Another disadvantage of existing systems and methods is that they require a user to spend a significant amount of time due to the painstaking process of removing the kernels from the cob with devices and methods available in the current art. Additionally, and in turn, as the existing systems and methods require a user to spend countless hours shucking corn, existing systems and methods often results in wastes due to the abundance of corn and the lack of shucking efficiency. Moreover, some existing systems and methods require users to spend hours removing the corn's kernels ether by knife or spoon, merely resulting in inconsistent and wasteful corn harvesting. Accordingly, it would be beneficial to have a system for and method of efficiently removing corn kernels from a corn cob that results in minimal corn kernel waste. Yet another disadvantage of existing systems and methods is that existing corn shucking devices are not easily transported from one location to another, due to size, weight, or complexity of parts. As such, there exist a need to have a system for and method of efficiently removing corn kernels from a corn cob that is easily portable.

SUMMARY

The present invention comprises a corn stripping device and method for separating corn kernels from an ear of corn, such as a device and method for shucking corn.

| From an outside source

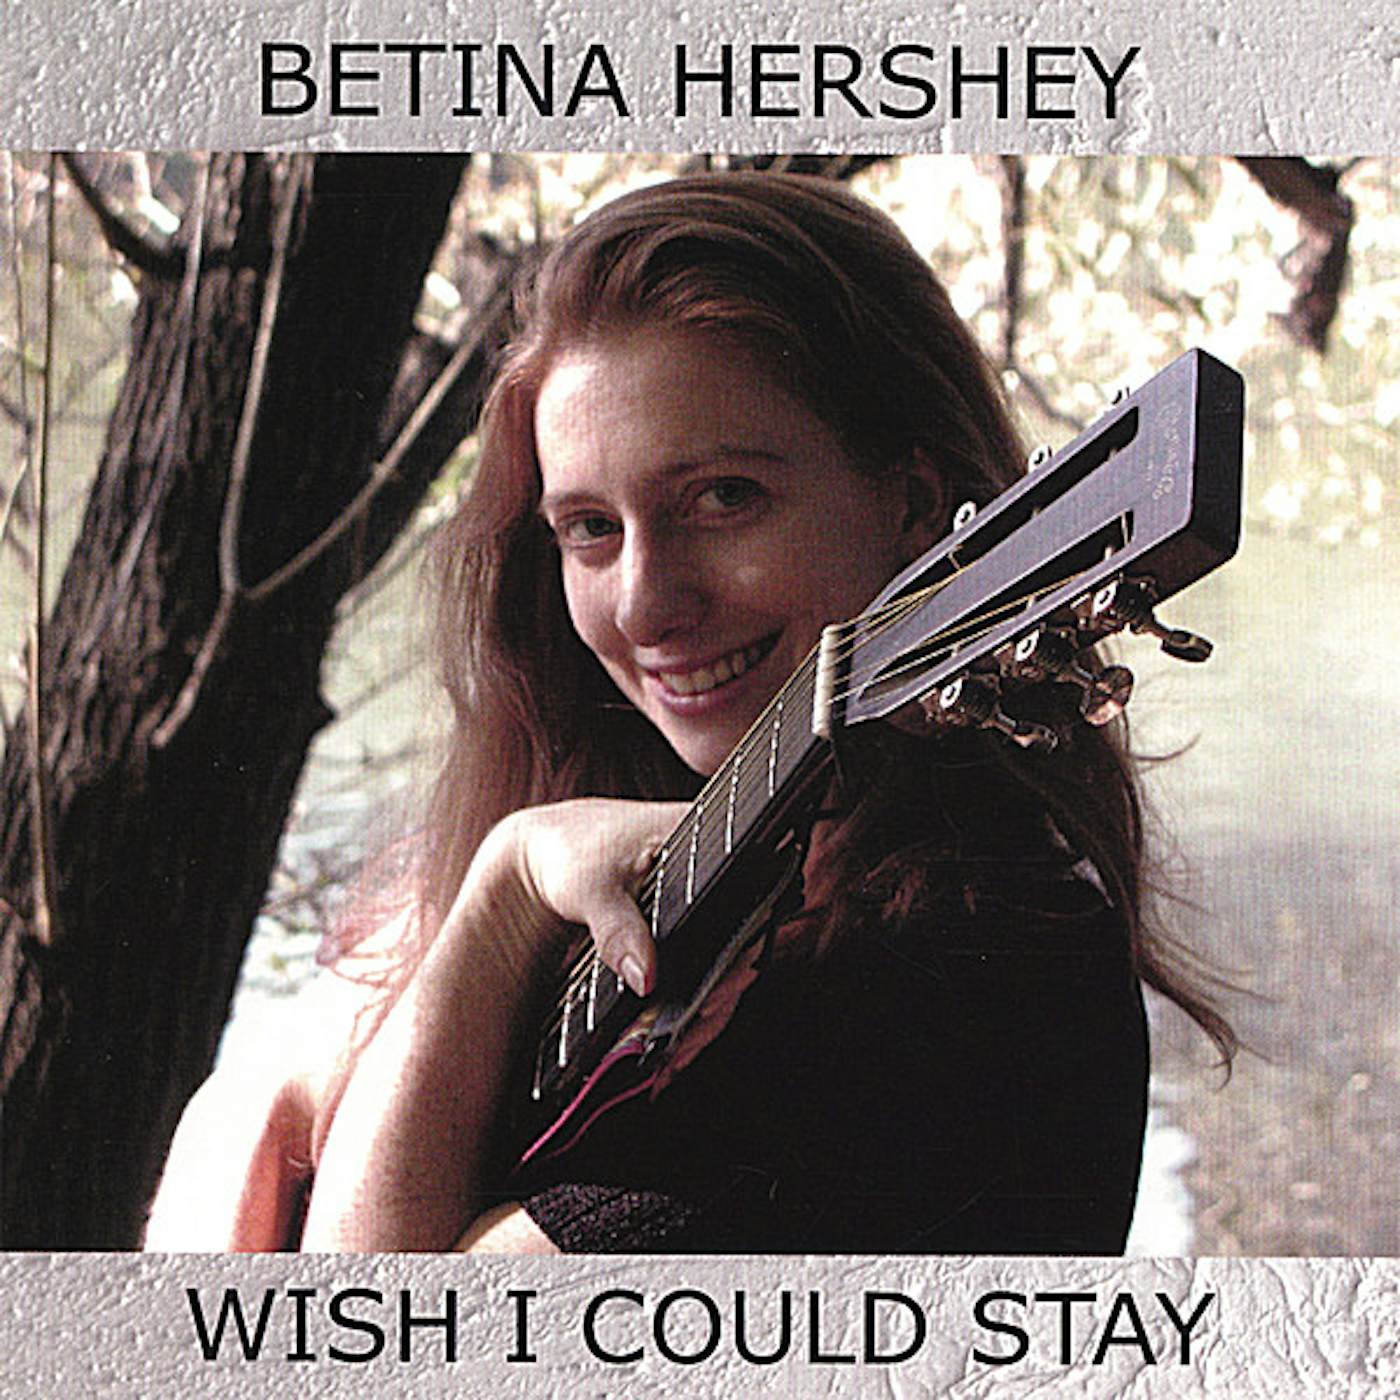 Betina Hershey WISH I COULD STAY CD

In various embodiments, the corn shucking device includes an ejection assembly, a harvesting assembly, and a discharge assembly. In some embodiments of the instant invention, each of the forgoing respective assemblies is a portion of, or includes, a frame.

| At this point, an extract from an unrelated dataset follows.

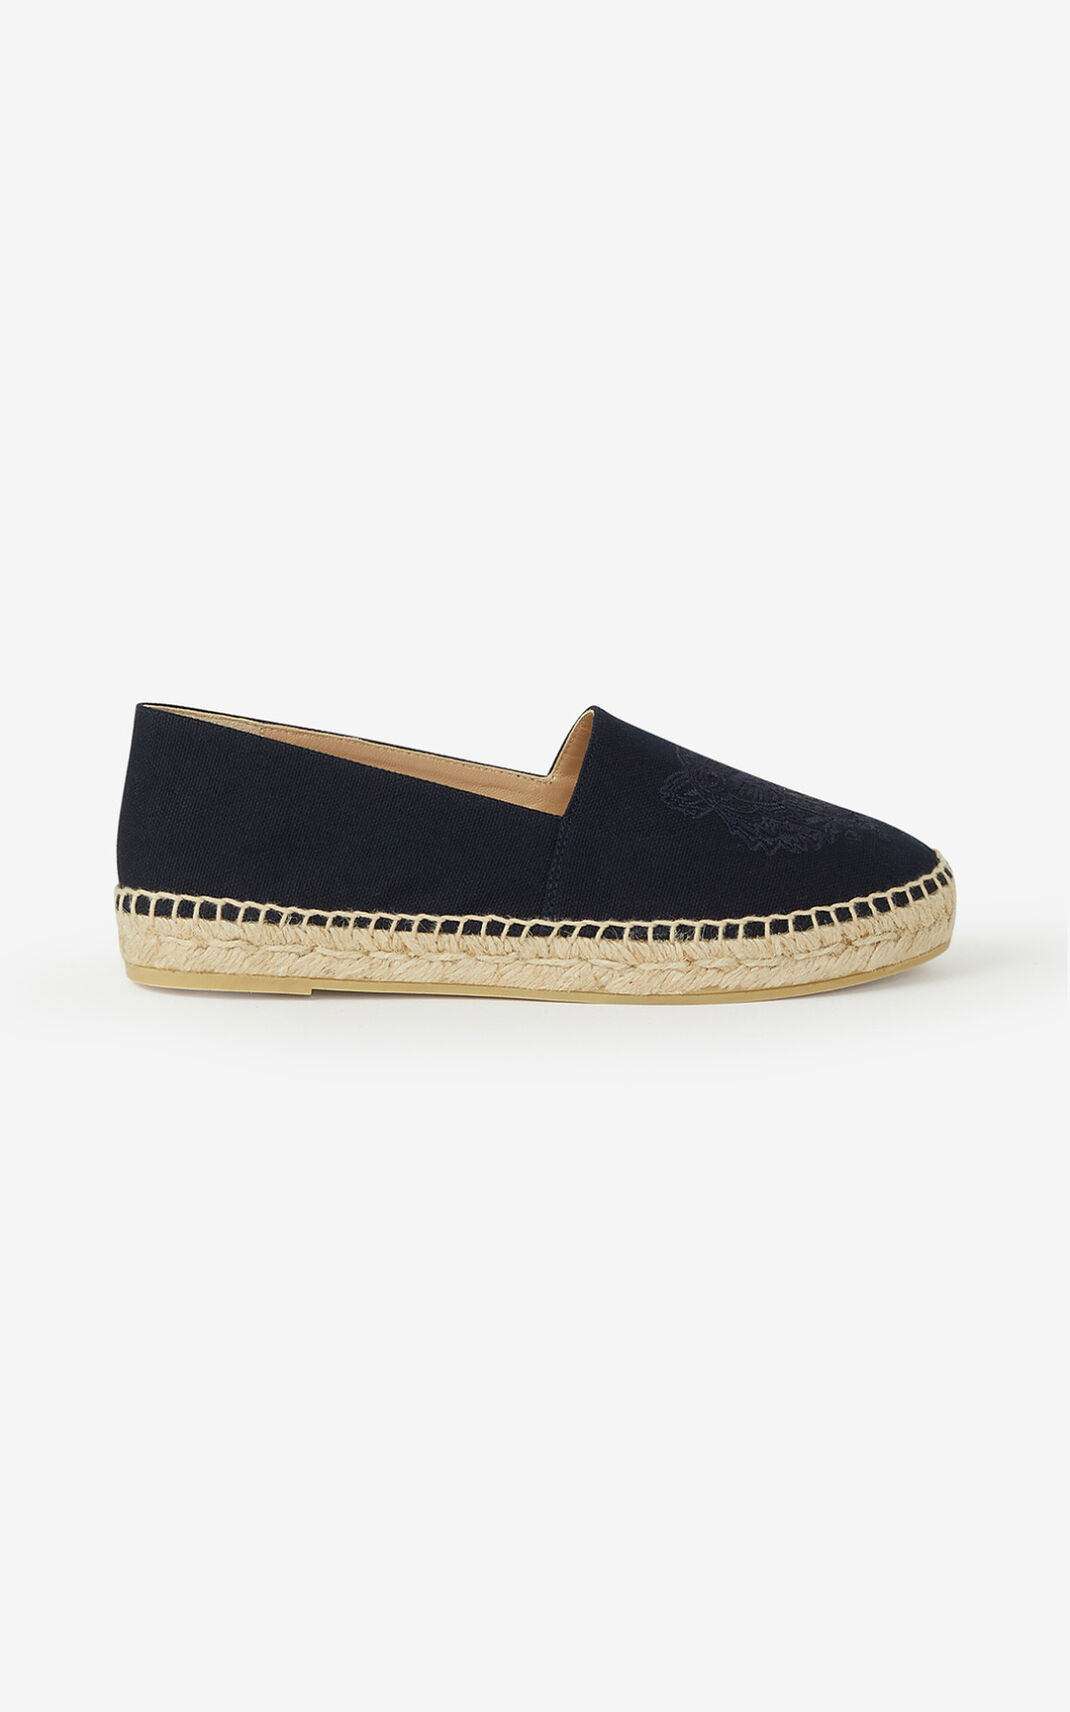 Kenzo Canvas Tiger Espadrilles Navy Blue For Womens 6914KGIPS

In some embodiments, the ejection assembly is movable from a first configuration to a second configuration. In a preferred embodiment, as the ejection assembly moves from a first position to a second position, the ejection assembly is configured to contact a surface of an elongated object, such as an ear of corn, and urge the elongated object from a first position to a second position. The ejection assembly further facilitates moving the elongated object towards a cutting edge, wherein the cutting edge is configured to separate corn kernels from its cob.

In various embodiments, the corn shucking device includes a harvesting assembly. The harvesting assembly, being configured to support an elongated object on a rest, such that the ejection assembly contacts the elongated object, when the ejection assembly is moved from its first configuration to its second configuration. In various embodiments, the harvesting assembly is designed in such a way as to capture, or retain, corn kernels, as the kernels are separated from a corn cob. In various embodiments, at least part of a cutter is positioned within the harvesting assembly, such that as an elongated object is urged through the harvesting assembly at least a portion of the elongated object is separated from its inner core and the at least a portion of the elongated object remains in the harvesting assembly until the at least a portion of the elongated object removed by a user.

In various embodiments, the corn shucking device includes a discharge assembly. In some embodiments, the discharge assembly is designed in such a way as to guide at least a portion of an elongated object, such as a corn cob, in a direction away from the corn shucker. In some embodiments, as the elongated object, such as an ear of corn, moves through the harvesting assembly, the corn's kernels remain in the harvesting assembly and the corn's cob continues to move through a cutter inner passage and towards the discharge assembly.

In various embodiments, the corn shucking device includes a control system. The control system being configured to move the ejection assembly from its first configuration to a second configuration. In some embodiments, the control system is configured to interface with the instant invention, such that the controls facilitate the instant invention in separating a corn's kernels from a corn cob. In some embodiments, a user moves a control device/system, such as a push button, from a first position to a second position, thereby causing the present device to move from a first configuration to a second configuration before automatically returning to the first configuration.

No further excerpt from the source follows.